Natural transformations of affinors into functions and affinors. (English) Zbl 0816.58002

Bureš, J. (ed.) et al., The proceedings of the 11th winter school on geometry and physics held in Srní, Czechoslovakia, January 5-12, 1991. Palermo: Circolo Matematico di Palermo, Suppl. Rend. Circ. Mat. Palermo, II. Ser. 30, 101-112 (1993).
The author’s main results can be formulated as follows:
(1) All natural transformations of affinors (i.e. tensor fields of type (1,1)) on \(n\)-dimensional manifolds into functions are of the form \(F(a_ 1(t),\dots,a_ n(t))\), where \(a_ 1(t),\dots,a_ n(t)\) denote the coefficients of the characteristic polynomial of the affinor \(t\) and \(F\) is a smooth function on \(\mathbb{R}^ n\).

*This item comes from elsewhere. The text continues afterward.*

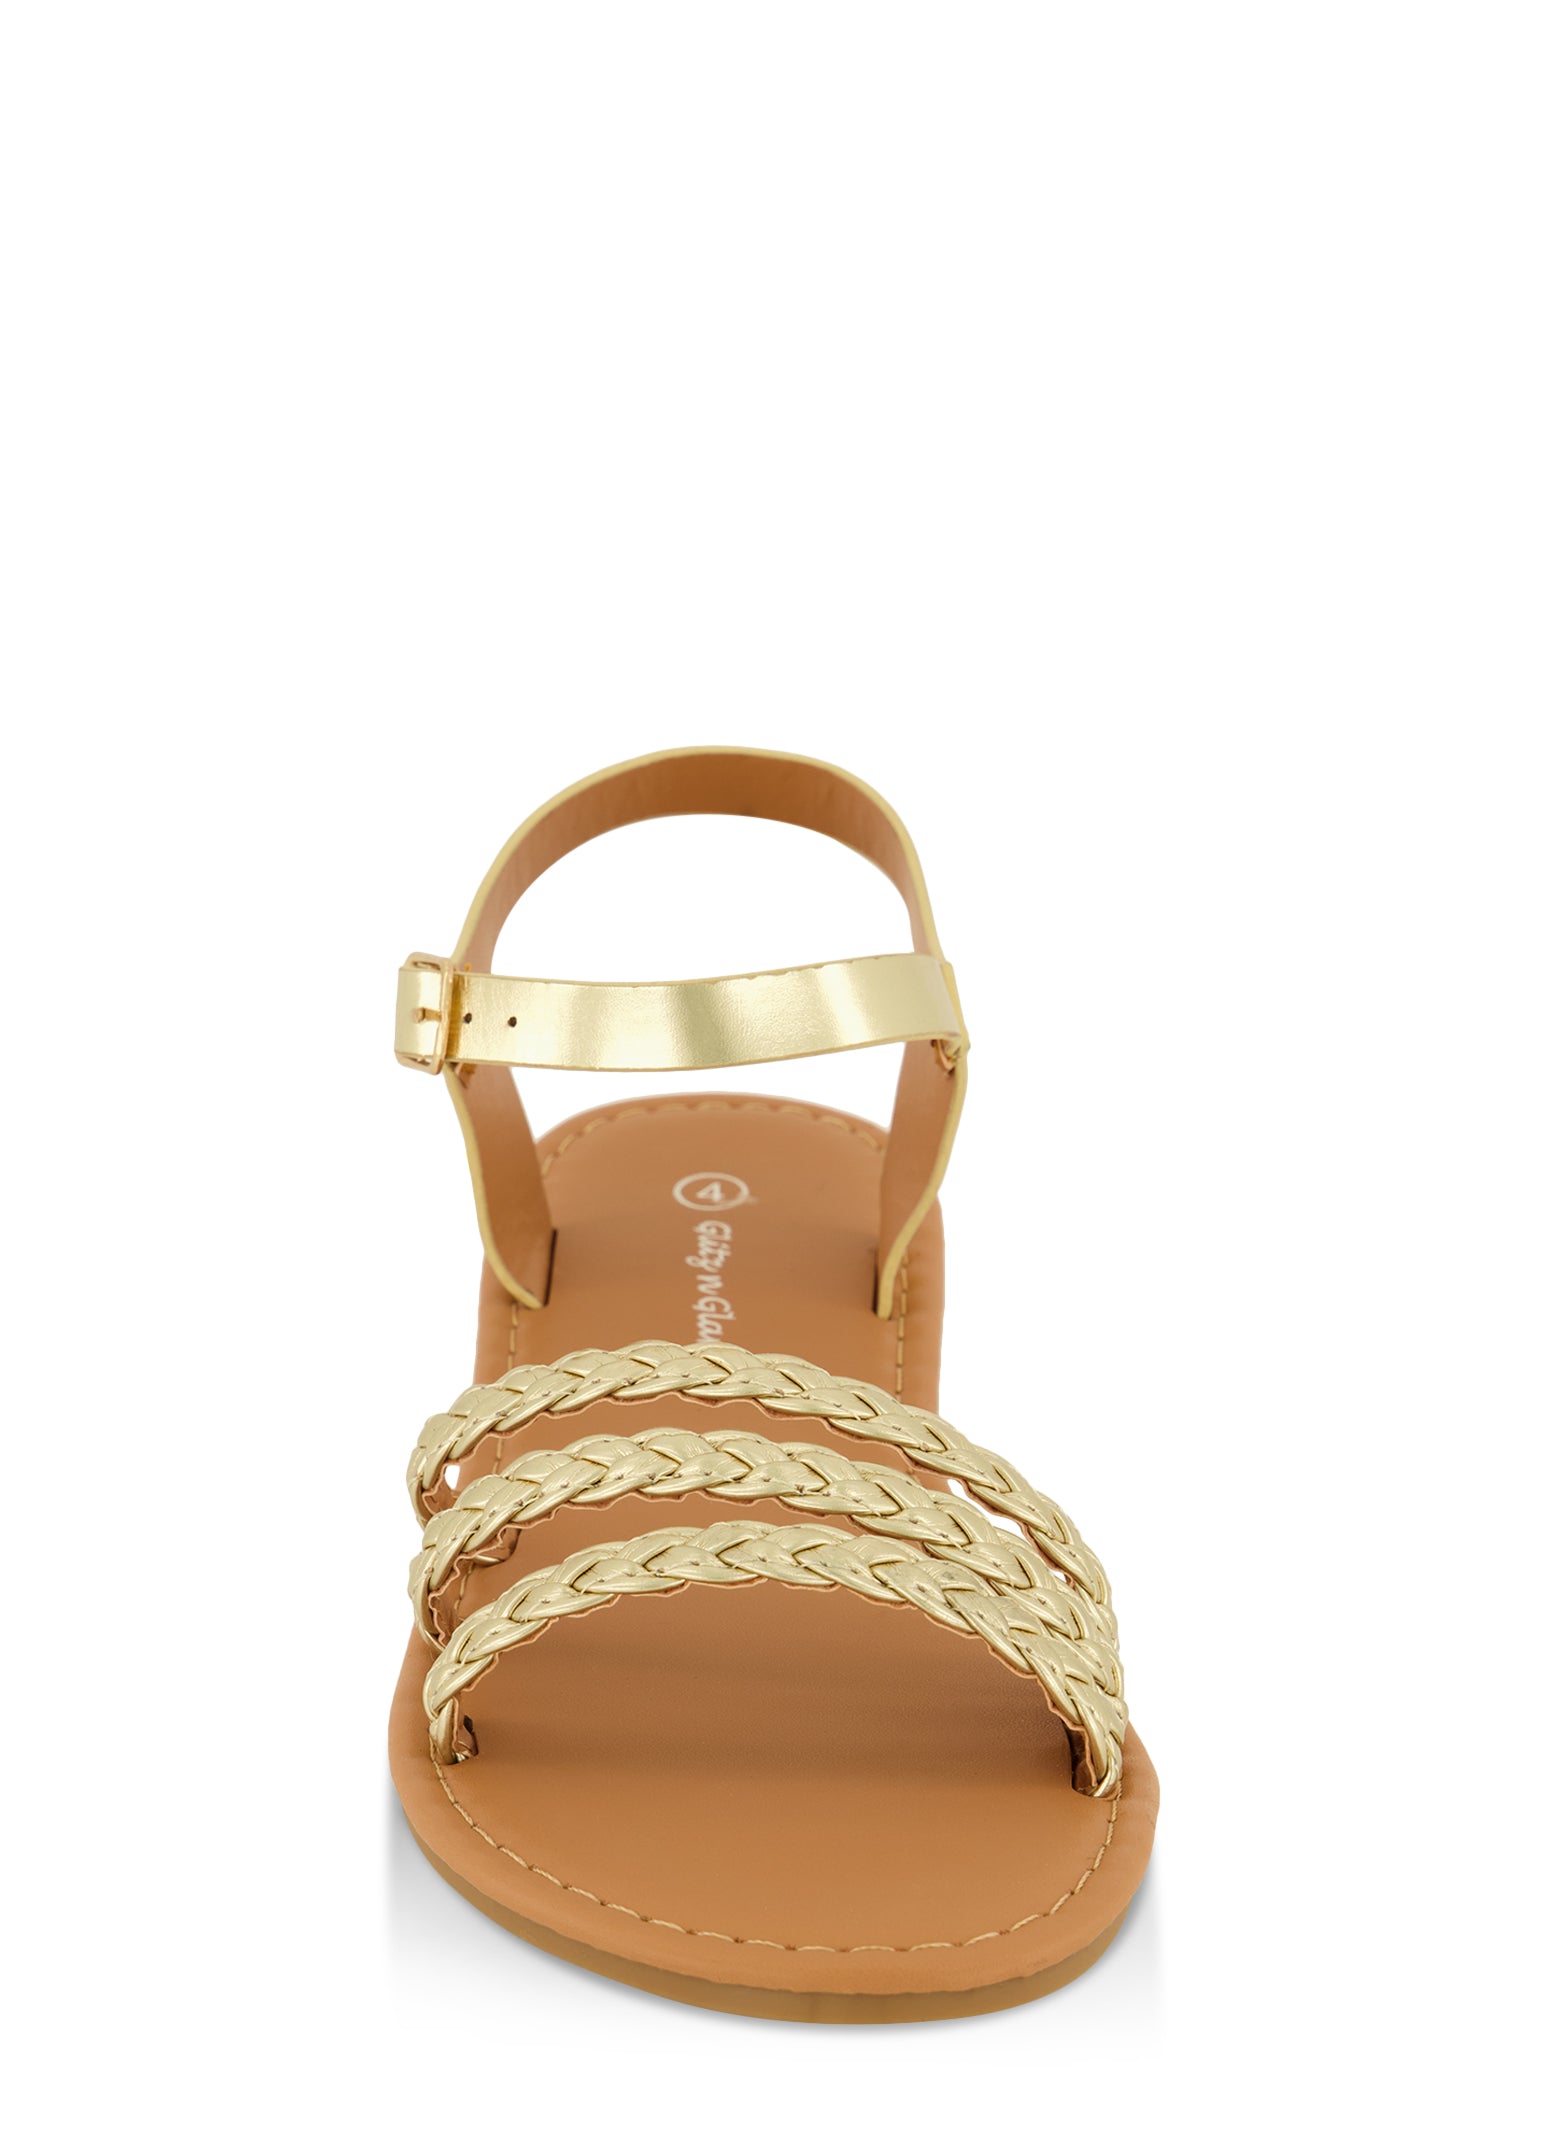 Womens Girls Braided Strappy Ankle Strap Sandals, Gold, Size 4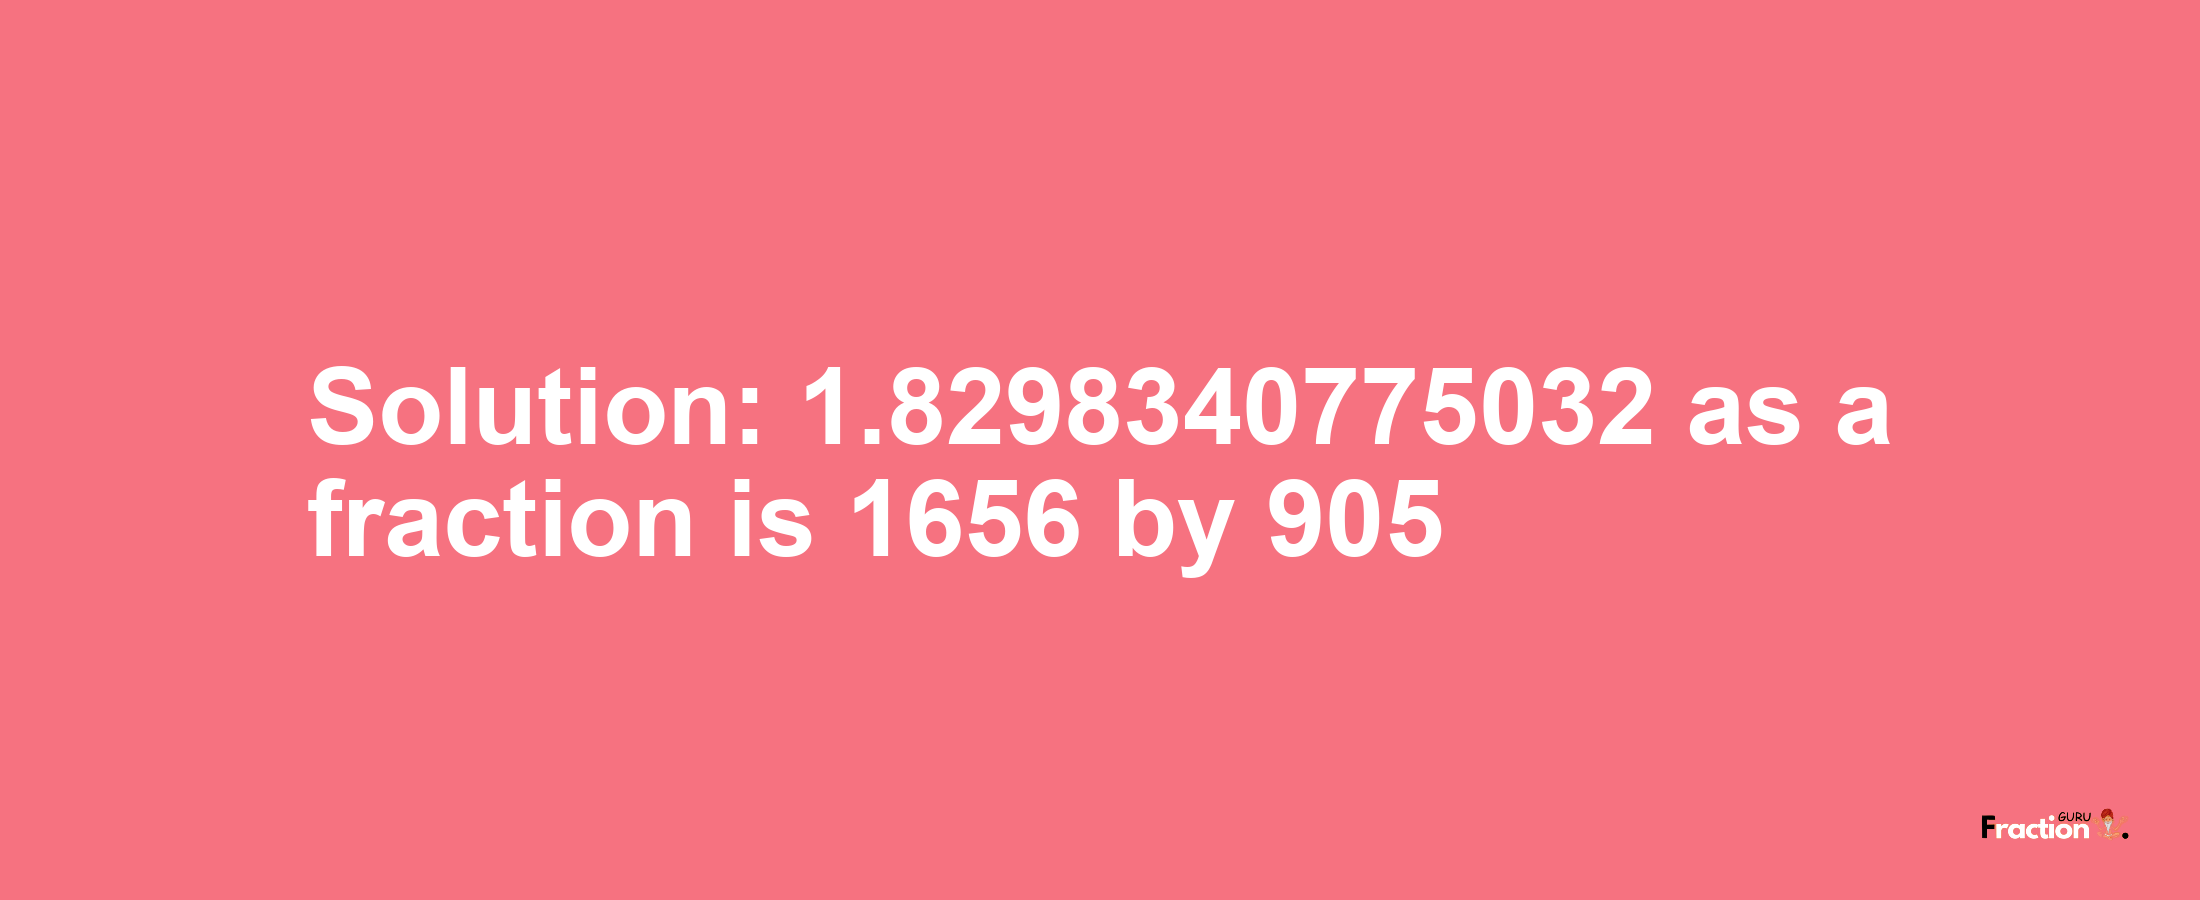 Solution:1.8298340775032 as a fraction is 1656/905

(2) All natural transformations of affinors on an \(n\)-manifold \(M\) into \({\mathfrak H}^ 1_ 1(M)\) are of the form \[ t \in {\mathfrak H}^ 1_ 1 (M) \mapsto \sum^ n_{k = 1} F_ k(a_ 1(t),\dots,a_ n(t)) t^{n- k}, \] where \(F_ 1,\dots,F_ n\) are smooth functions on \(\mathbb{R}^ n\).
For the entire collection see [Zbl 0777.00026].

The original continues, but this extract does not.